When
will American’s learn to stop worrying and love robots? That
question must be echoing inside consumer robotics company iRobot (IRBT).
The Burlington, Mass., company went public nearly two years ago and
its share price has spent much of last year below the $24 offering
price. Revenue from consumer products –60% of iRobot’s
revenue last year – fell 1% in the first half of 2007 from a year
ago.
Some of that decline was tied to waning appeal of iRobot’s
flagship consumer product, the Roomba vacuum. But iRobot had some new
products up its sleeve, and it announced them
last week: a robot to clean out rain gutters, and a mobile robot that
can send images of kids, pets or the infirm to remote PCs. The
response? iRobot’s stock was down as much as 3.2% Friday, hardly
a standing ovation.
Much of the press also seemed
indifferent, if not disappointed, reflecting a very cautious attitude
in the U.S. for robots in general: “Weird New iRobots
Unleashed” (PC World); “Robot Invasion Escalates” (Washington Post); “iRobot’s New Products Could End Up Lonely and Unloved” (TheStreet.com).

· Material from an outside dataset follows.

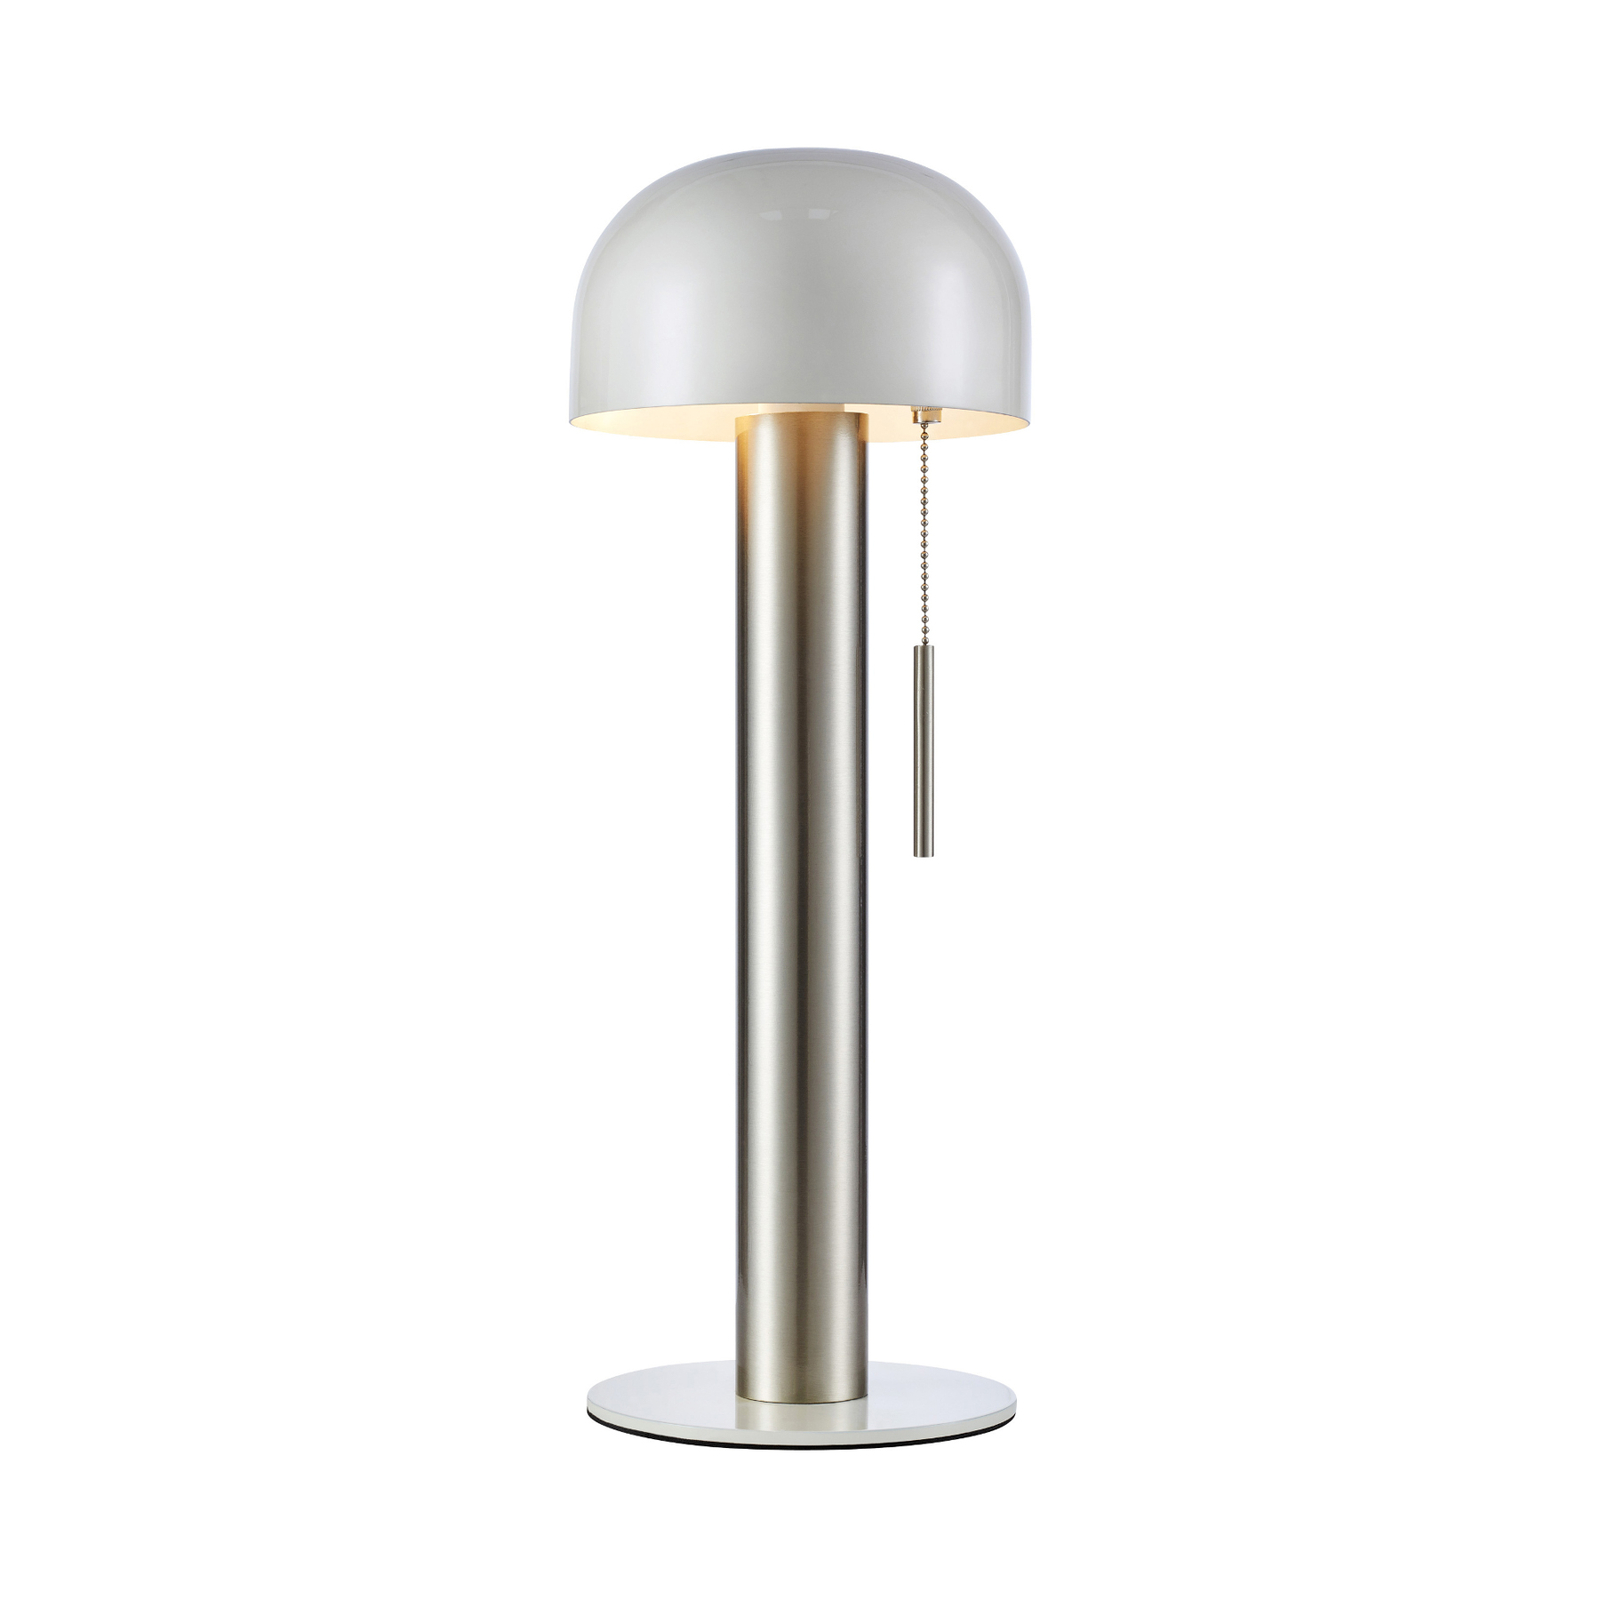 Costa metal table lamp, white/nickel

Where’s the robot love? In Asia, apparently - and in Japan, particularly. But in the U.S. there’s a robot dread running like an undercurrent beneath our robot fascination. Isaac Asimov called this robot-phobia “the Frankenstein complex”, and it is deeply ingrained in American and European culture. Take a look at this list of the 50 best movie robots: From Hal to T-2 to the Fembots, we Westerners applaud evil robots and their fourth-reel destruction.
Neena Buck, a robotics analyst quoted in the AP’s coverage, noted a sharp difference in robot comfort between East Asia and the West.
“In the U.S., we want our robots to be utilitarian,
and act as helpers to us,” Buck said. “In Japan and Korea,
they think of robots as friends and pets, and as additions to their
families.” But as prices come down, “I think Americans will
be willing to experiment with cute-ish robots that do something like
bring a family together.”
The culture gap is evident in this video
of Asimo, Honda’s humanoid robot, breaking into a trot. The
children and adults in the audience seem delighted, but my puerile
American mind felt more ambivalent: I felt both impressed by the
achievement and amused by a robot running like someone who is, shall we
say, desperate to defecate. I also found iRobot’s photos of perfectly behaved children observed by the ConnectR creepy in a way I can’t describe.
And yet, I like the idea of affordable household robots that iRobot
pioneered. iRobot built the Roomba like Apple (AAPL) built the early
Macintosh: Both created from scratch an original platform that others
can create applications for. Both made a machine simple to operate and
easy for middle-class consumers to afford. And both popularized a
fledgling industry that had massive potential over coming decades.
But household robots face an obstacle that personal computers didn’t: the Frankenstein complex.
Not only are we revolted by robots that are overly humanoid, we are
also cold to robots that are overly utilitarian. We don’t want
robots to be too much like us, but we are bored if they aren’t as
fancy as the ones we’ve seen in movies.
I still think household robots could be a huge market down the road,
and that iRobot could be a big player in it, but it will take decades.
In the meantime, a lot depends on how companies like iRobot manage our
contradictory feelings about robots.